Civil Society Calls on the European Parliament to Protect Open Licenses for Public Sector Information

July 6, 2026

Open Future has joined more than 30 civil society organizations across Europe in signing an open letter urging Members of the European Parliament to protect open standard licences for public sector information — a cornerstone of Europe’s open data framework — in the Digital Omnibus. Coordinated by the COMMUNIA Association, the letter targets a small but far-reaching change to that framework.

The Digital Omnibus introduces two distinct changes to the provisions governing the reuse of public sector information. The first would let public sector bodies charge very large enterprises differentiated fees for reuse; as we argued when the proposal was published, this is a welcome and proportionate way to address power asymmetries, and it provides a basis for the conditional-access approaches that some cultural heritage institutions are beginning to explore in the face of AI-driven demand. The second related change would let those bodies impose actor-specific licence conditions on different categories of users. This latter change is a significant departure from the open data framework the European Union has refined over more than twenty years.

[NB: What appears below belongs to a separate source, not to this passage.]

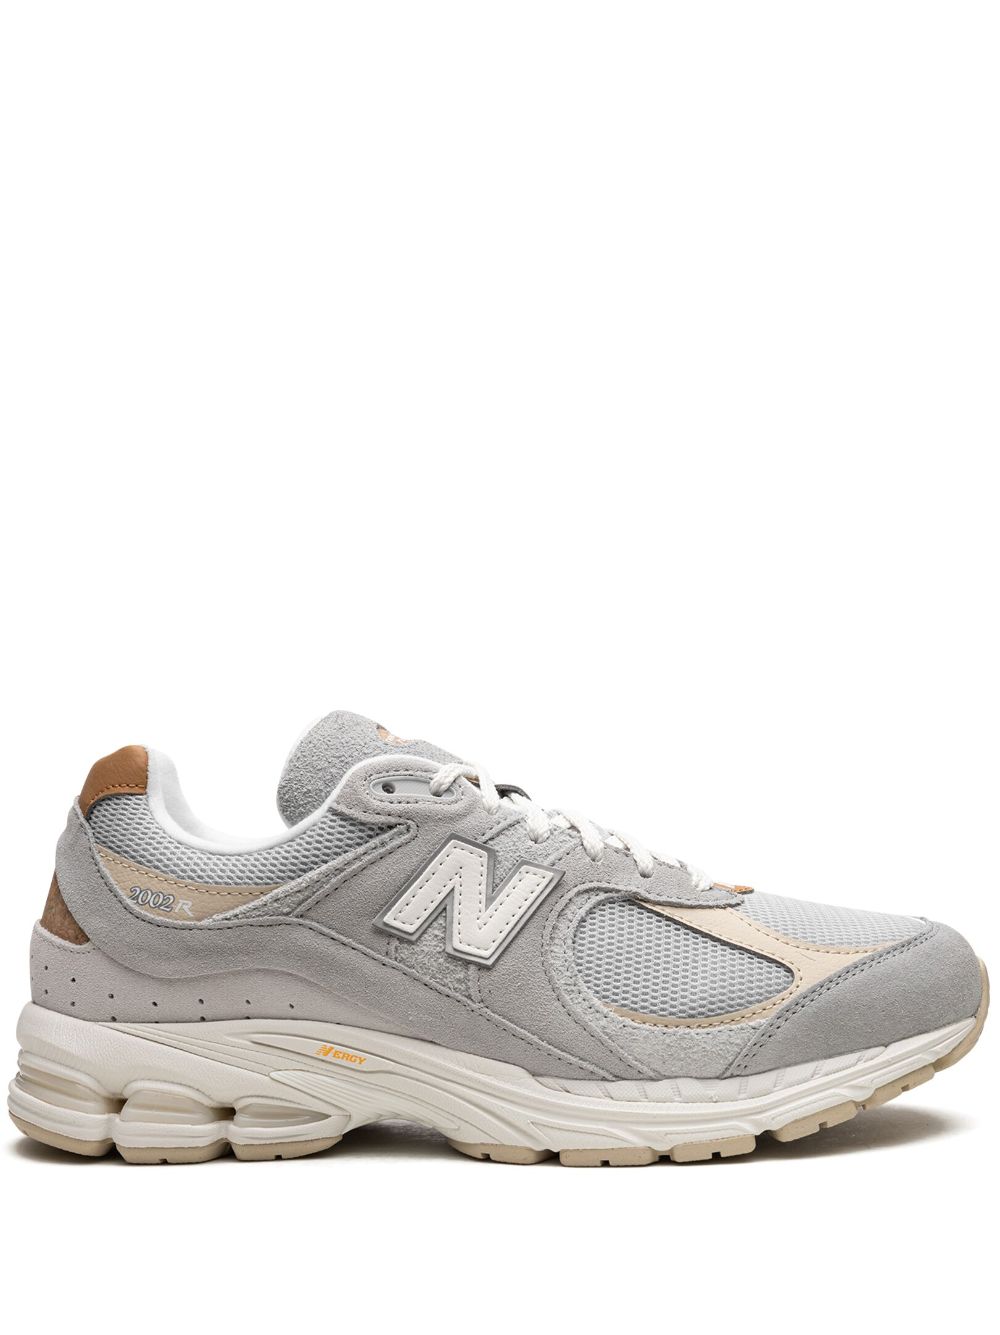 New Balance 2002R "Concrete" sneakers - Grey

The letter warns that differentiated licensing would hinder reuse for everyone. Replacing open standard licences with bespoke or actor-specific terms would weaken government transparency, undermine legal certainty and interoperability, increase costs for all users, and prevent public-interest projects such as Wikipedia, Wikidata, and OpenStreetMap from reusing public sector information. The signatories argue that the legitimate aim of ensuring very large companies contribute fairly is better met through differentiated charging — feasible where access is controlled through technical means such as APIs — than through differentiated licensing. On that basis, the letter asks Members of the European Parliament to remove the option for actor-specific licence conditions (Article 32r(4)) and strengthen the requirement to use open standard licences (Article 32r(3)).